● **Your task**: Write out every entry exactly as it appears, omitting the pictures.

Items from a data source
----

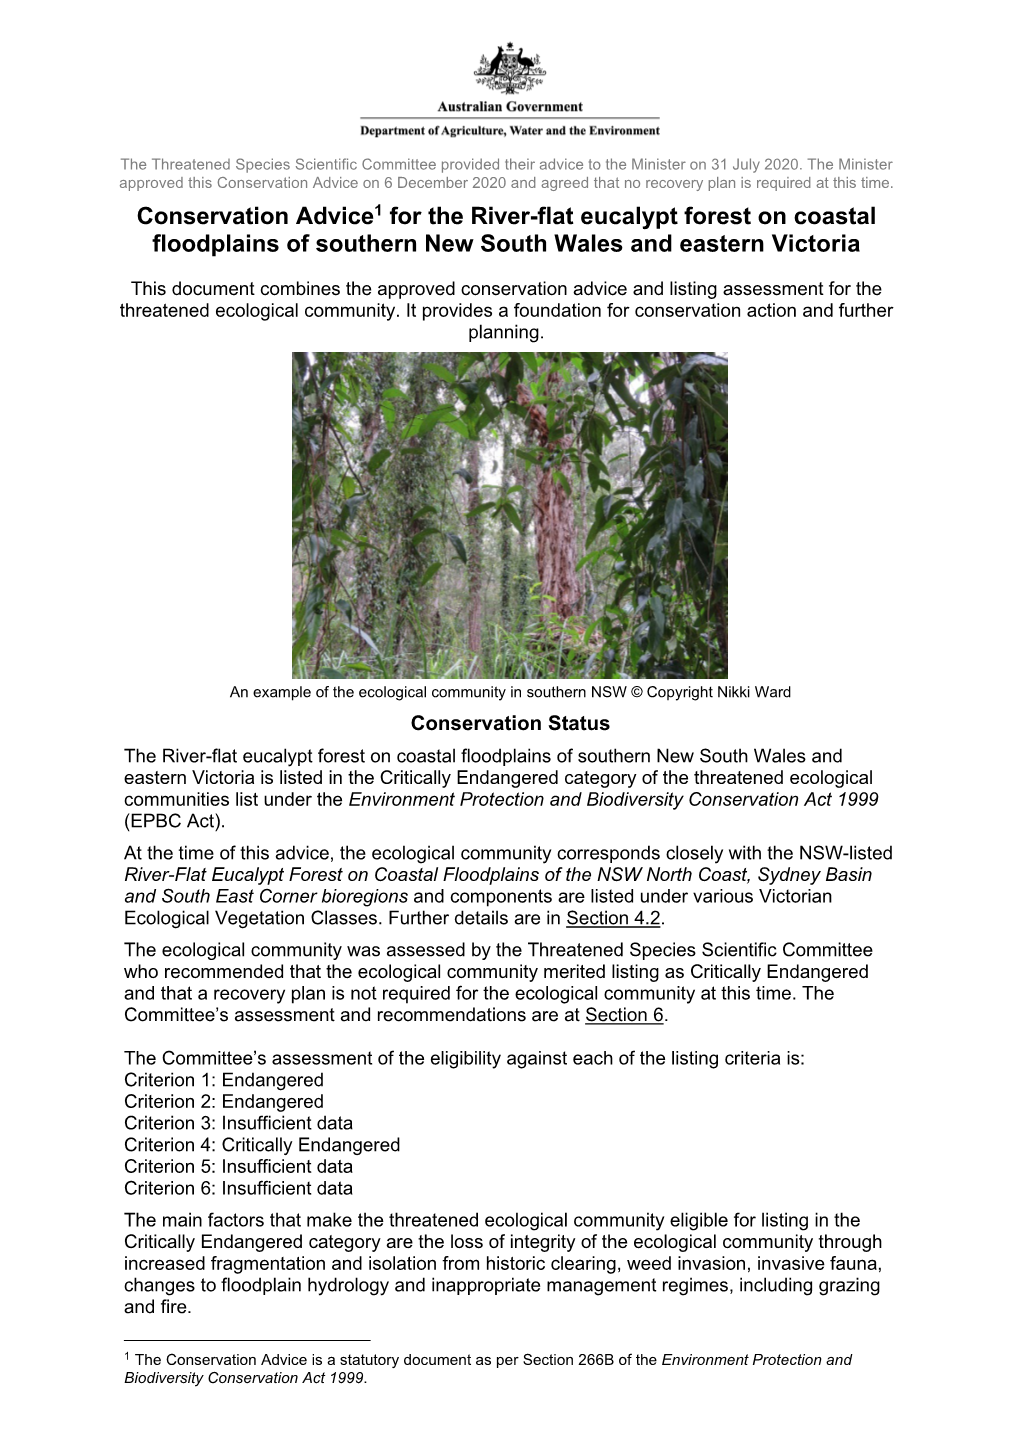 Conservation Advice for the River-Flat Eucalypt Forest on Coastal Floodplains of Southern New South Wales and Eastern.”
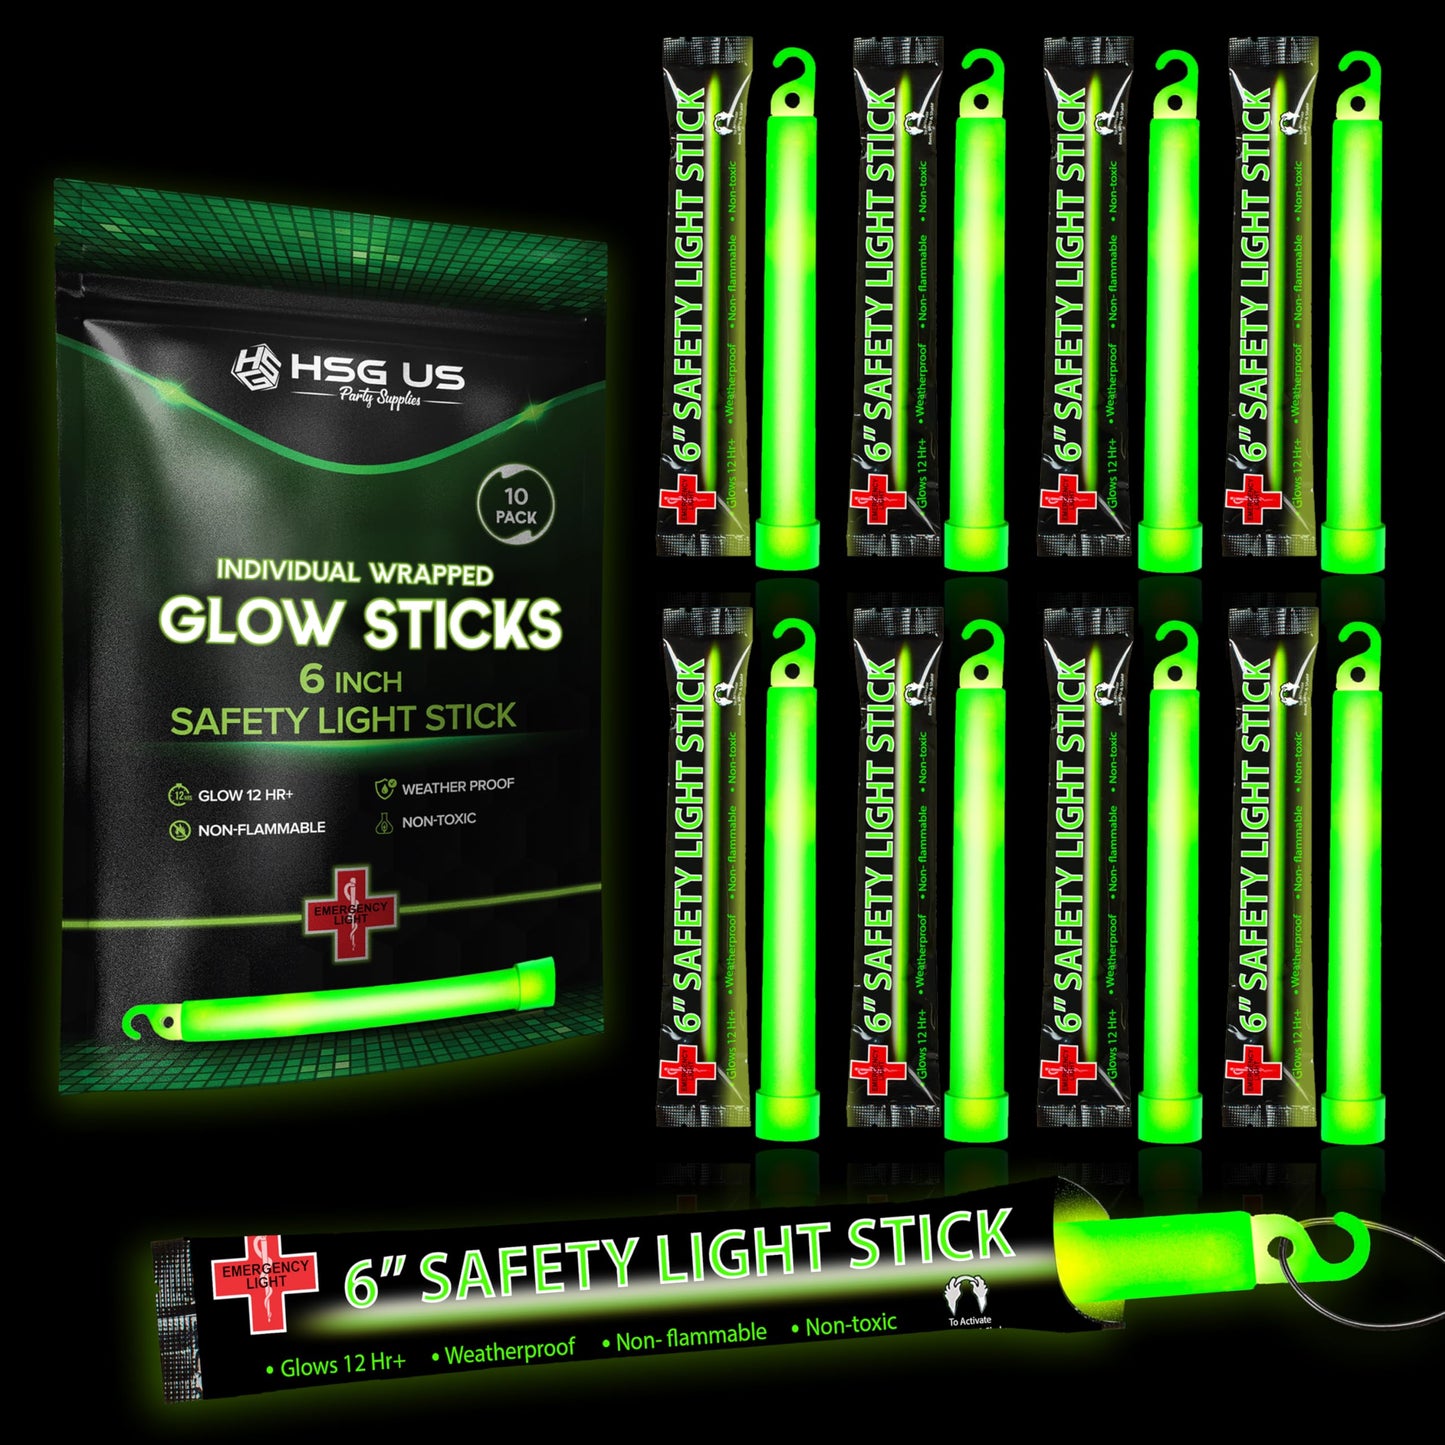 10 Ultra Bright Green Glow Sticks - Individual Packed With Lanyard - For Camping, Emergency Survival - Glow Lights for Blackouts, Hurricane and Storms- 6 Inch Chem Light Sticks with 12 Hour Duration
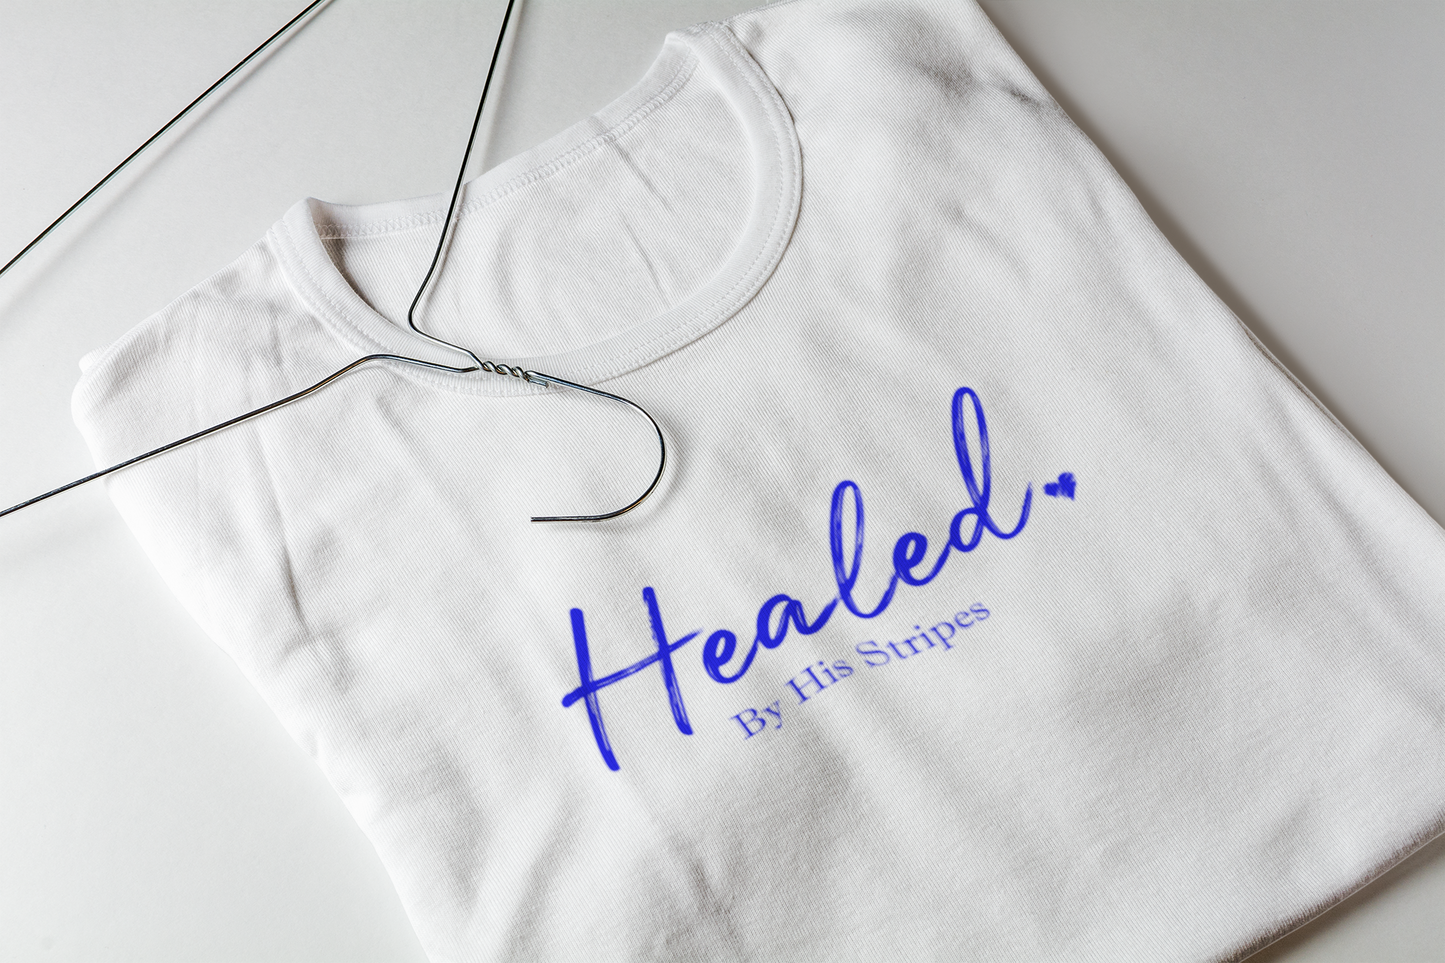 Healed By His Stripes (white/electric blue)
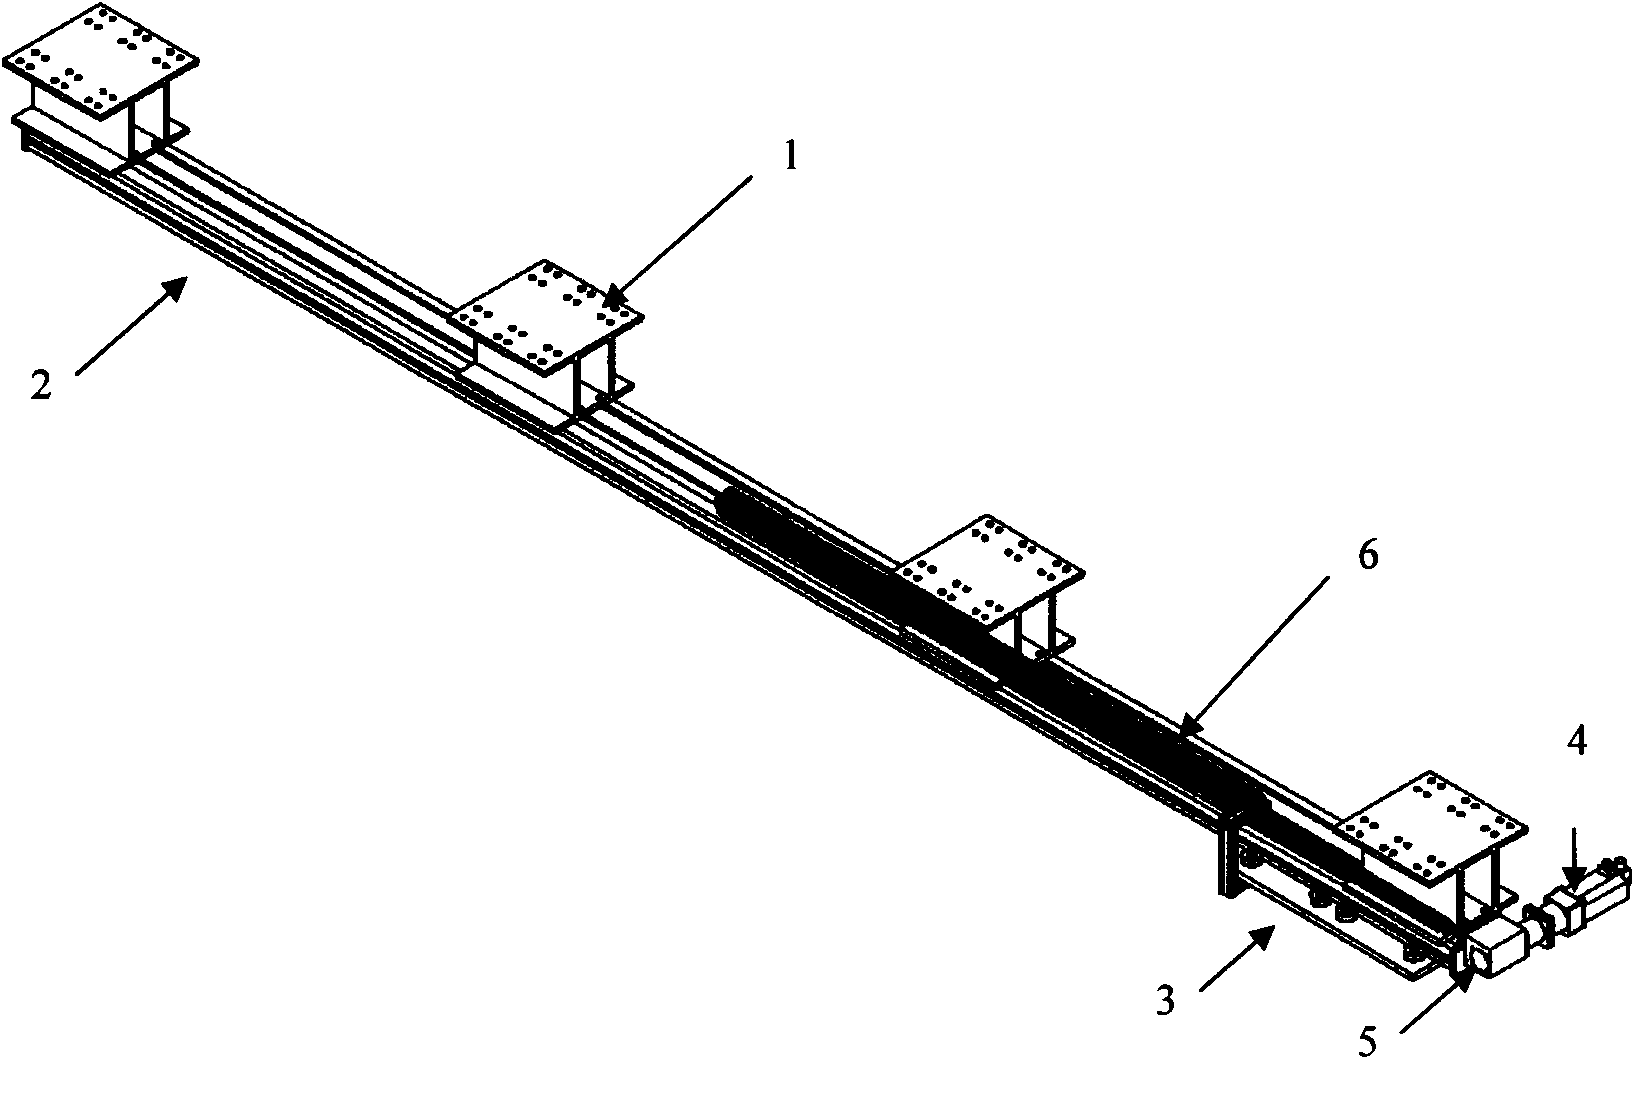 Forced reciprocating movement device of ocean structure
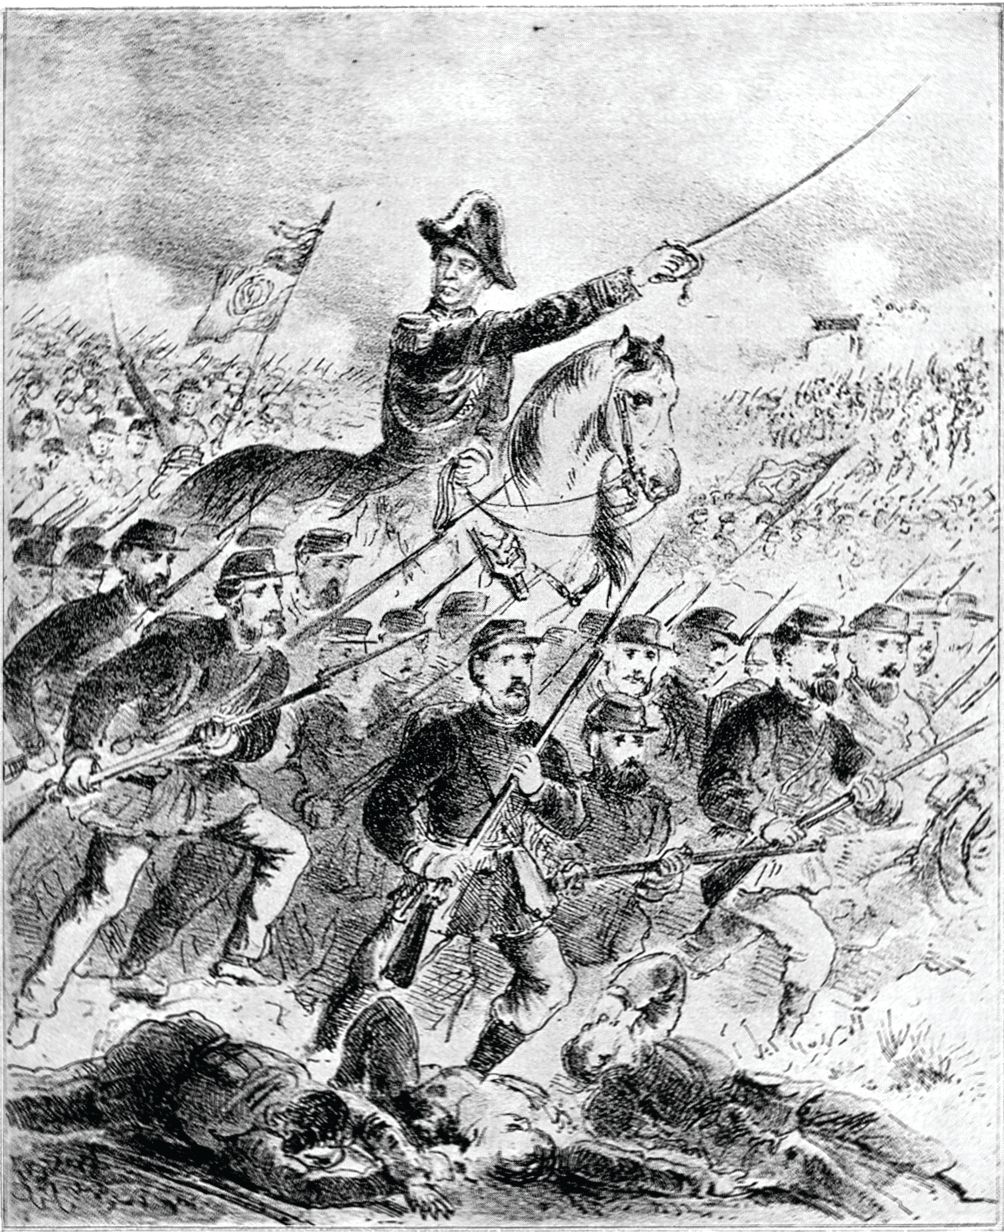 The Marquis de Caxias led the Brazilian Army to numerous victories in the brutal war.

----

● **Answer to this exercise**:
 Conservation Advice for the River-Flat Eucalypt Forest on Coastal Floodplains of Southern New South Wales and Eastern.”
 10 Ultra Bright Green Glow Sticks - Individual Packed With Lanyard - For Camping, Emergency Survival - Glow Lights for Blackouts, Hurricane and Storms- 6 Inch Chem Light Sticks with 12 Hour Duration
 Healed By His Stripes (white/electric blue)
 Forced reciprocating movement device of ocean structure
 The Marquis de Caxias led the Brazilian Army to numerous victories in the brutal war.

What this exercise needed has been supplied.